Torkham, Afghanistan, 18 June – At IOM’s reception centre near the Torkham border, families arrive in waves – coated in dust, tired, anxious, and unsure of what’s next. Among them is Nasrin*, a mother gently pushing her husband’s wheelchair, with her two daughters by her side. After spending most of her life in Pakistan, Nasrin is back in Afghanistan – not by choice, but because she was forced to.
“I had to leave everything behind,” she says. “I worked so hard to build a life, but in the end, I couldn’t bring any of it with me.”
Nasrin, now 40, fled conflict in Afghanistan with her family as a child in the 1990s, hoping to find safety in Pakistan. Life there was never easy: “My mother struggled so much,” she recalls. “We were poor and often hungry, but at least we were alive. Fear had driven us to leave Afghanistan.”
Years later, when she was 20, Nasrin married Habib Gul*. They settled in a small village in Punjab, Pakistan, and opened a bakery together. Their daughters went to school, and for the first time, the family had hope for a better future.
“We never wanted our daughters to suffer like we did,” Nasrin says. “We wanted them to be educated, to have options.”

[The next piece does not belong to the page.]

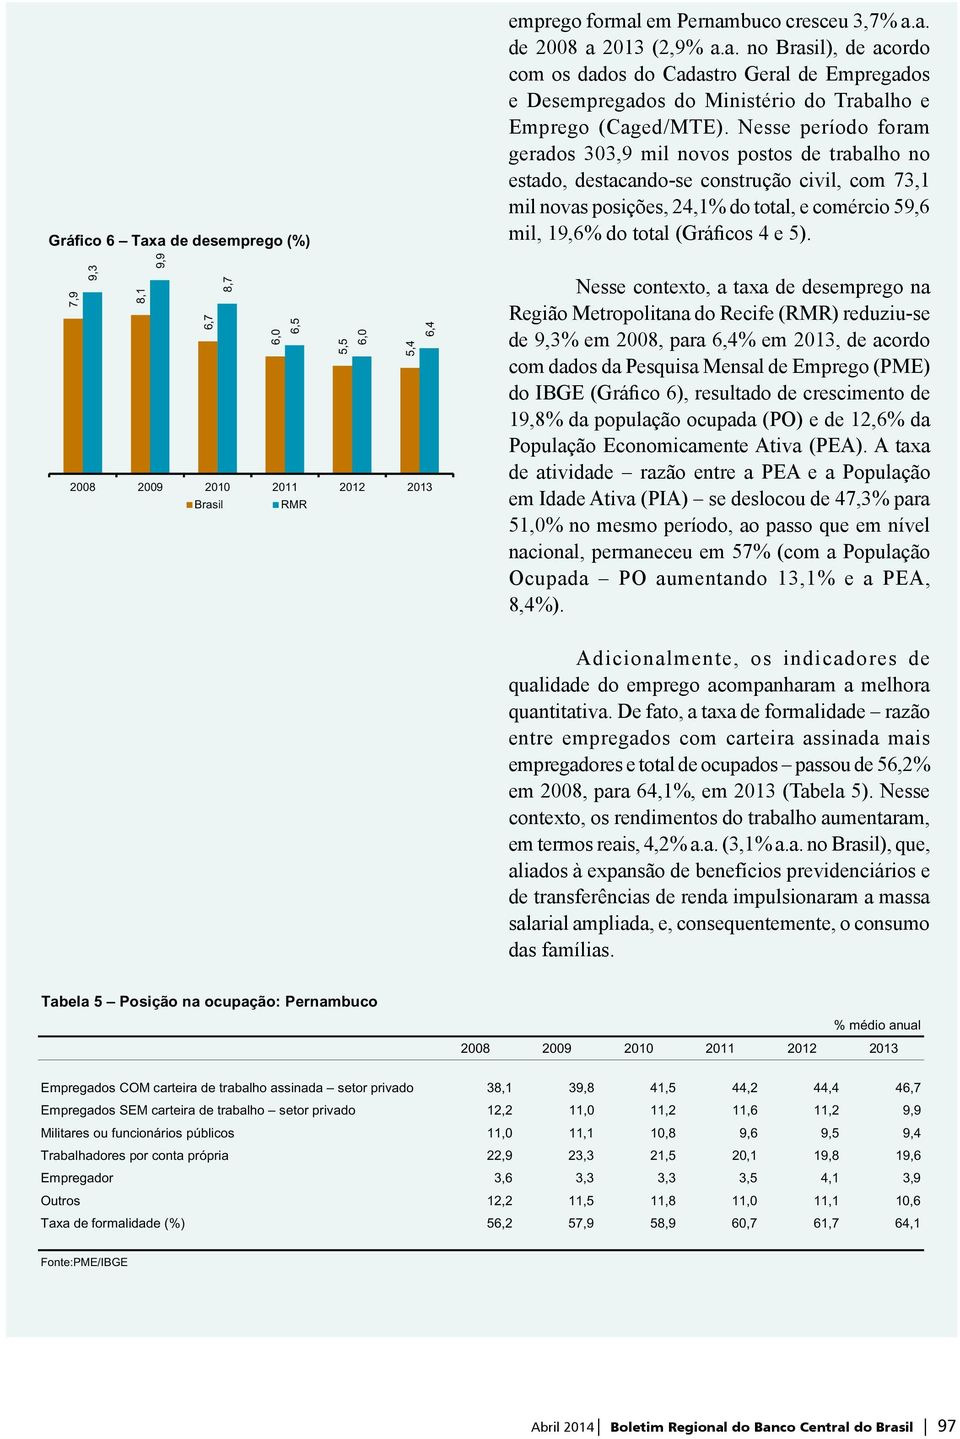 e 5). Nesse contexto, a taxa de desemprego na Região Metropolitana do Recife (RMR) reduziu-se de 9,3% em 2008, para 6,4% em 2013, de acordo com dados da Pesquisa Mensal de Emprego (PME) do IBGE

Nasrin arrives at the Torkham border with her husband and their two children, following their return from Pakistan. Photo: IOM/Mina Nazari
But their peace did not last. One day, Habib suffered a seizure that left him paralyzed. Nasrin suddenly had to support the entire family on her own.
“I asked some Afghan men I knew to help me keep the bakery running,” she explains. She managed to pay rent, cover her husband’s medical bills, and keep her daughters in school for a while.
However, even that fragile sense of normalcy didn’t last long. As undocumented Afghans, the family began to experience increasing pressure from local authorities. Living in a village in Punjab, they were subject to frequent inspections and persistent uncertainty.
“The police would often come by and tell us to leave,” Nasrin says. Eventually, without notice and no time to prepare, authorities transported Nasrin, her husband, and their two daughters to the Torkham border, from where they were forcibly returned, leaving behind their belongings, their home, and the life they had worked so hard to build.
Arriving at the IOM reception centre at the Torkham border, Nasrin felt overwhelmed. Her daughters had never even been to Afghanistan before.